Bon, je dois rectifier un peu ce que j'ai écrit : la continuité de l'astuce sur ma branche video14 (qui ne contient que des modifications de kext) n'est pas aussi bonne que sur la branche video12 (qui contient également d'autres modifications). Et je me rends compte que même si "Nvidia Web Driver" est sélectionné, après un redémarrage, je me retrouve avec "OS X Default Graphics Driver". Il va falloir approfondir cela…

Je suis en Clover 3726. Les versions récentes introduisent des changements. J'ai essayé la 3761, mais sans succès…
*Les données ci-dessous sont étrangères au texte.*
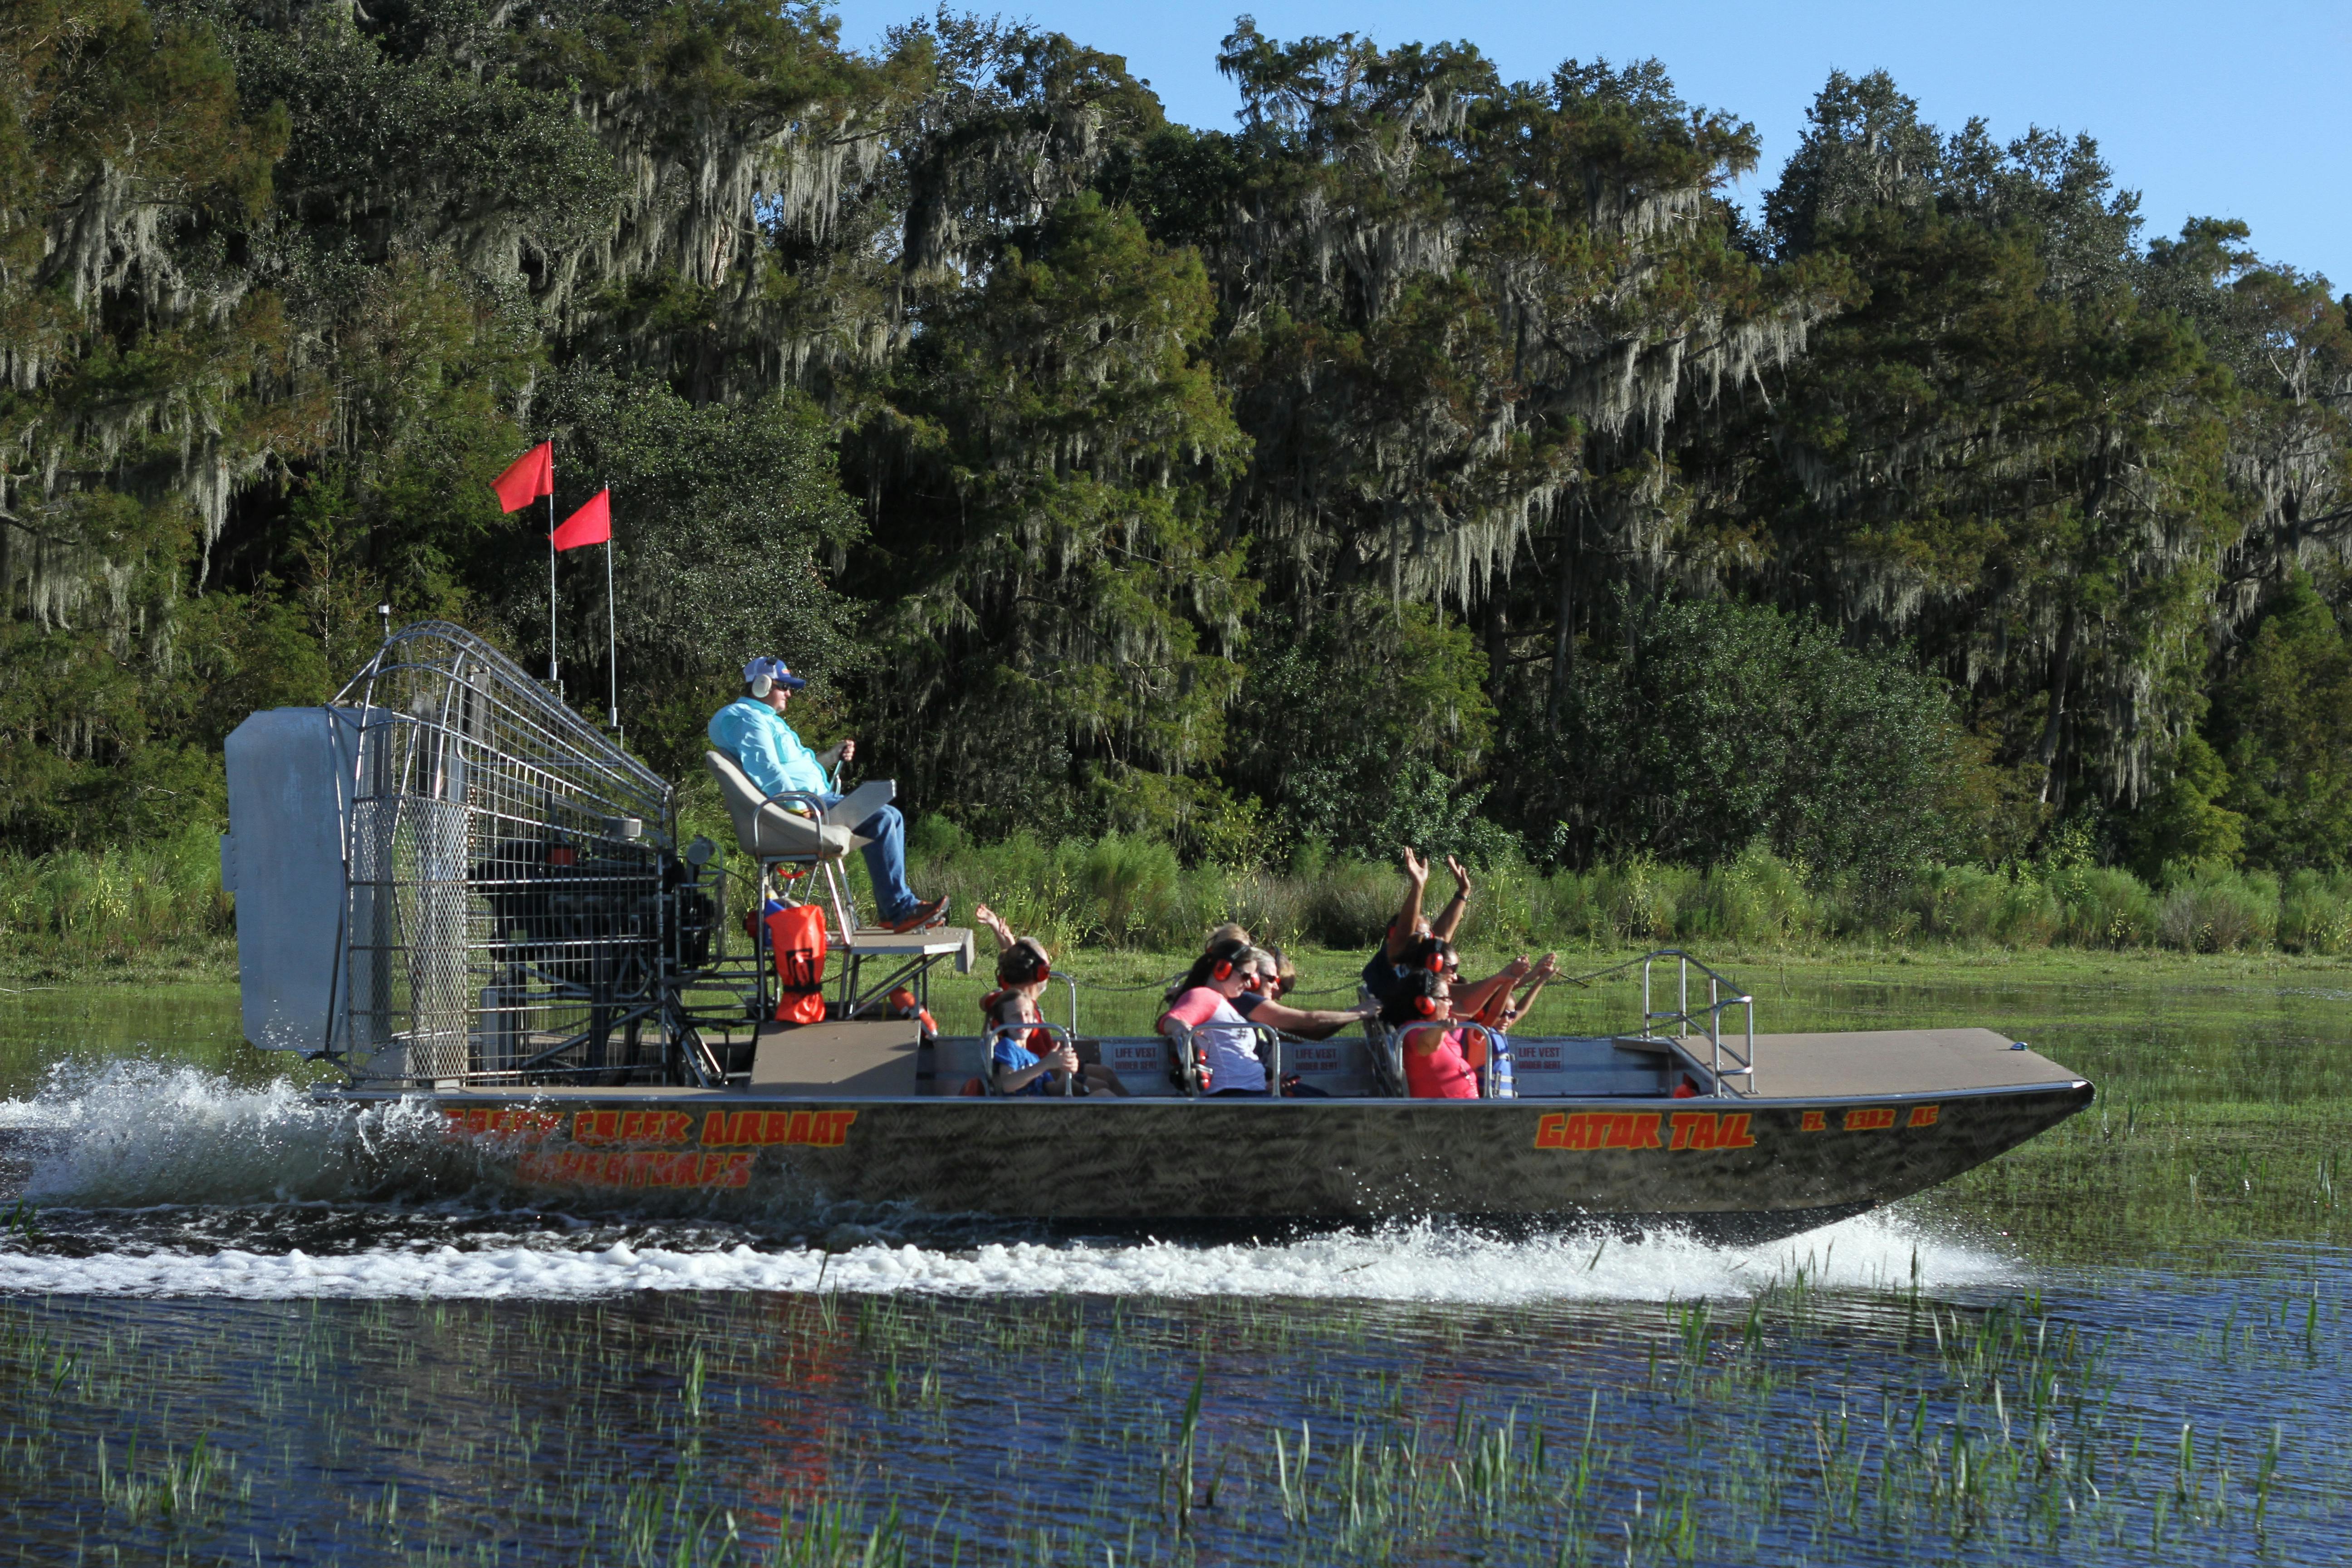 Einstündige Sumpfboot-Tour durch die Everglades in Zentralflorida mit Eintritt in den Park

@spooner : confirmes tu que ça marche bien chez toi ? As tu regardé ce que ça donne avec IORegistry Explorer ou IOJones. Chez moi, en cherchant ce qui est en lien avec "display", je me retrouve avec cette arborescence.


----------



## gradou (21 Septembre 2016)

Si ça intéresse quelqu'un , moi j'ai çà :


Je précise que c'est sans le patch de barijaona...
Mon problème, moi, c'est plutôt que j'arrive à l'éteindre, ça tient 3" et puis il redémarre tout seul : ça m'énerve. Bon, je contourne en quittant la session ouverte et depuis la page d'ouverture de session je clique sur "éteindre" et l'extinction est alors durable...


----------



## Barijaona (22 Septembre 2016)

Bon, je suis toujours en train de chercher les conditions exactes à réunir pour que ça marche.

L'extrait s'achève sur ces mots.